The DVE Morning Show (currently branded Randy Baumann and the DVE Morning Show) is a morning radio comedy and variety show broadcast on Pittsburgh classic rock station 102.5 FM WDVE featuring DJ  Randy Baumann. The show began airing in the 6:00-10:00 am weekday morning drive slot in late 1986 after the cancellation of Jimmy and Steve in the Morning (from which the show draws inspiration). Originally hosted by Scott Paulsen, the show would go on to be hosted by the team of Paulsen and Jim Krenn from 1988 to 1999, briefly by Krenn solo, then by the team of Krenn and Baumann from 2000 to 2011. Since late December 2012, Baumann has hosted with comedian Bill Crawford, sportscaster Mike Prisuta, and news anchor Val Porter. Additionally, many newsreaders, sportscasters and other members have come and gone during the show's run. 

In its nearly thirty years of existence, the DVE Morning Show has consistently remained one of the most popular morning radio shows in the Pittsburgh radio market. Though the show has changed personnel several times, the same basic formula of comedy bits, celebrity impersonations, telephone interviews, in-studio guests, unusual news items, sports coverage and promotion of local music and comedy has remained and been the key to the show's continued success.

History
In 1980, WDVE began airing Jimmy and Steve in the Morning with DJs and hosts Jimmy Roach and Steve Hansen. Roach and Hansen re-established comedy and local music promotion on Pittsburgh morning radio, elements that had been absent from the region's airwaves for quite some time. They helped to promote the careers of Pittsburgh area acts like the Iron City Houserockers, the Granati Brothers, Donnie Iris and the Cruisers and B. E. Taylor Group. This formula of comedy, talk and local music helped to make the show and station extremely popular in the region. Despite this, WDVE did not renew their contracts in 1986, and Roach and Hansen were fired, effectively canceling Jimmy and Steve in the Morning.

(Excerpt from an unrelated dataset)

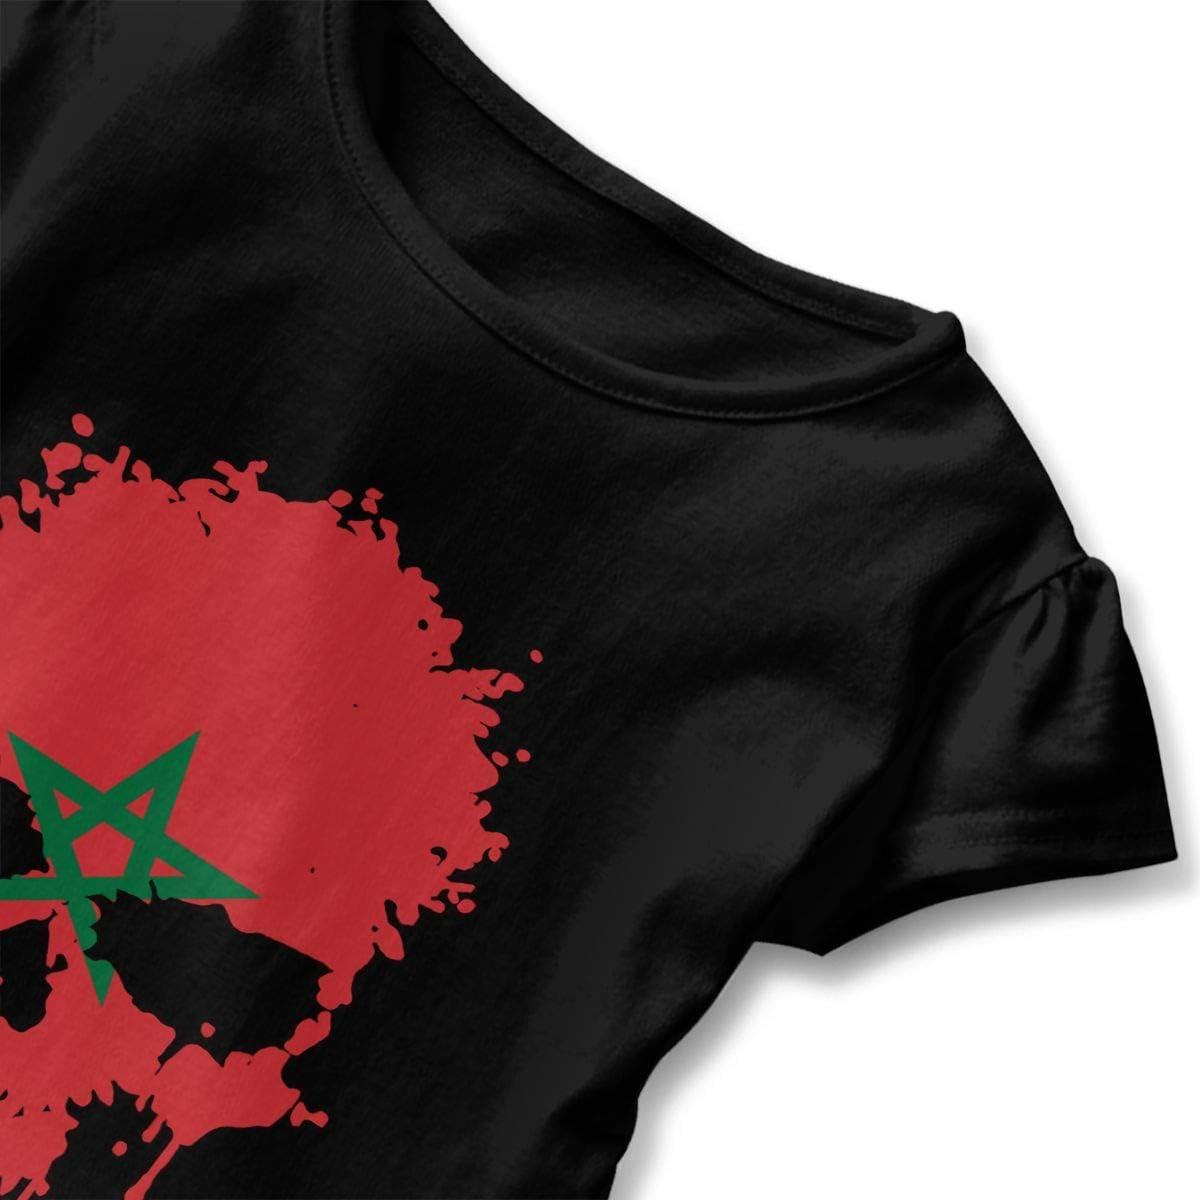 2-6T Kawaii Tunic Shirt Dress with Falbala Zi7J9q-0 Short-Sleeve Morocco Skull T-Shirts for Children

Not long after Roach and Hansen's departure from WDVE, the station replaced them and their show. Hiring comedian/DJ Scott Paulsen, the station began airing Scott Paulsen and the DVE Morning Show in the 6:00-10:00 am time slot. Adopting a similar format to Roach and Hansen, Paulsen's show became very popular and kept WDVE near the top of the ratings. In 1988, Paulsen was teamed up with comedian Jim Krenn, who had been a regular on the show. Paulsen and Krenn even competed against Roach and Hansen from 1987 to 1991, when the latter duo joined WMYG. When Jimmy Roach and Steve Hansen went separate ways in 1991, Scott Paulsen, Jim Krenn and the DVE Morning Show became Pittsburgh's most popular morning radio program.

Over the next decade, Paulsen and Krenn created many comedic characters, sketches and celebrity impersonations. They interviewed many regular guests and continued to promote Pittsburgh music and comedy. At the end of 1999, Scott Paulsen decided to not renew his contract and leave WDVE and the Morning Show (he would return later in 2000 until 2006 as a DJ).  For a temporary period of time in 2000, Krenn hosted solo and the show was rebranded Jim Krenn and the DVE Morning Show.  After interviewing several candidates, Krenn and WDVE selected Erie, Pennsylvania native and radio personality Randy Baumann. The program was again rebranded, this time Jim Krenn, Randy Baumann and the DVE Morning Show, and the show remained popular in the ratings. 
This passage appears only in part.